More than 45% of 165 U.S. employers polled in October 2014 by the International Foundation of Employee Benefit Plans said they use health-contingent incentives tied to their employees’ group health benefits. Sixty percent offer some manner of health-contingent wellness incentive to their employees. Roughly half of those employers offer financial rewards to employees who complete weight-loss programs, fitness challenges and other health-related activities, according to the foundation's “2015 Workplace Wellness Trends Survey.”

More than half of employers offering health-contingent incentives have elected to reward their employees for measurable improvements in employees' health outcomes, such as achieving or maintaining a healthy weight, reducing their cholesterol or quitting smoking, the survey results said.

Sixteen percent of employers that offer health-contingent incentives use both activity-based and outcomes-based models.

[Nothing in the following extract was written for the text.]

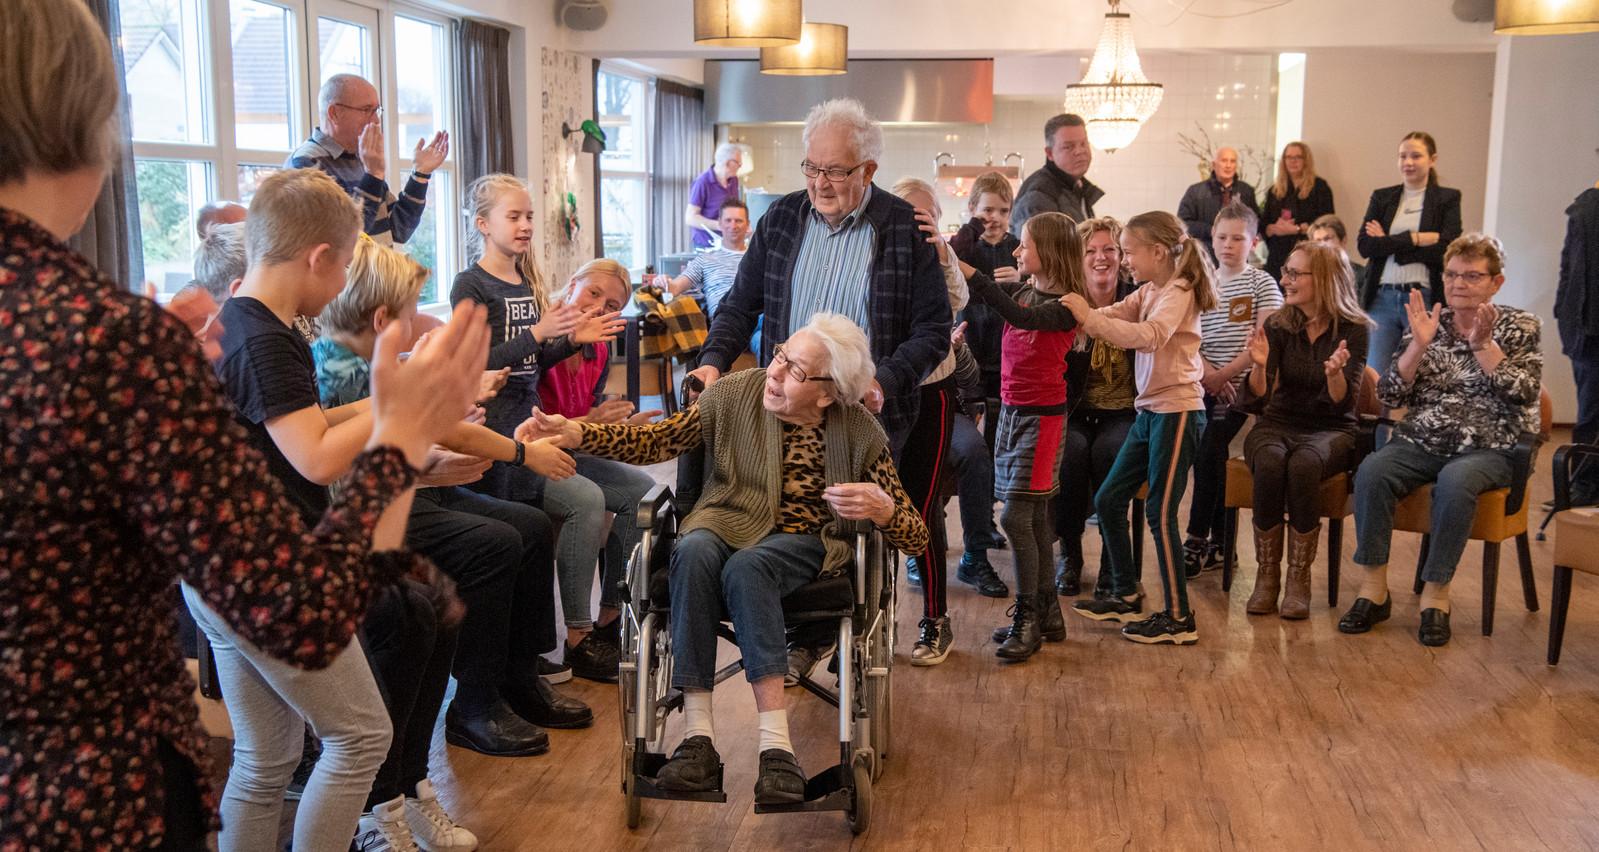 Leerlingen van OBS Heidepark dansen met bewoners van Verzorgingshuis Brugstede.

Among employers offering outcomes-based incentives, 54.8% said they've tied the rewards to tobacco cessation programs, while 57.1% said they reward their employees for improvements in their health risk assessment and/or biometric screening results.

The vast majority of employers using outcomes-based rewards in their wellness programs said the more aggressive approach to motivating participation in their workplace wellness program drew a somewhat or very positive reaction from employees, while only 10.7% said their employees' reaction to the incentives was somewhat negative.

A slight majority of employers that do not offer health-contingent incentives of any kind said they had held off due to potential negative impacts on their workforce culture or fears of civil and/or regulatory actions.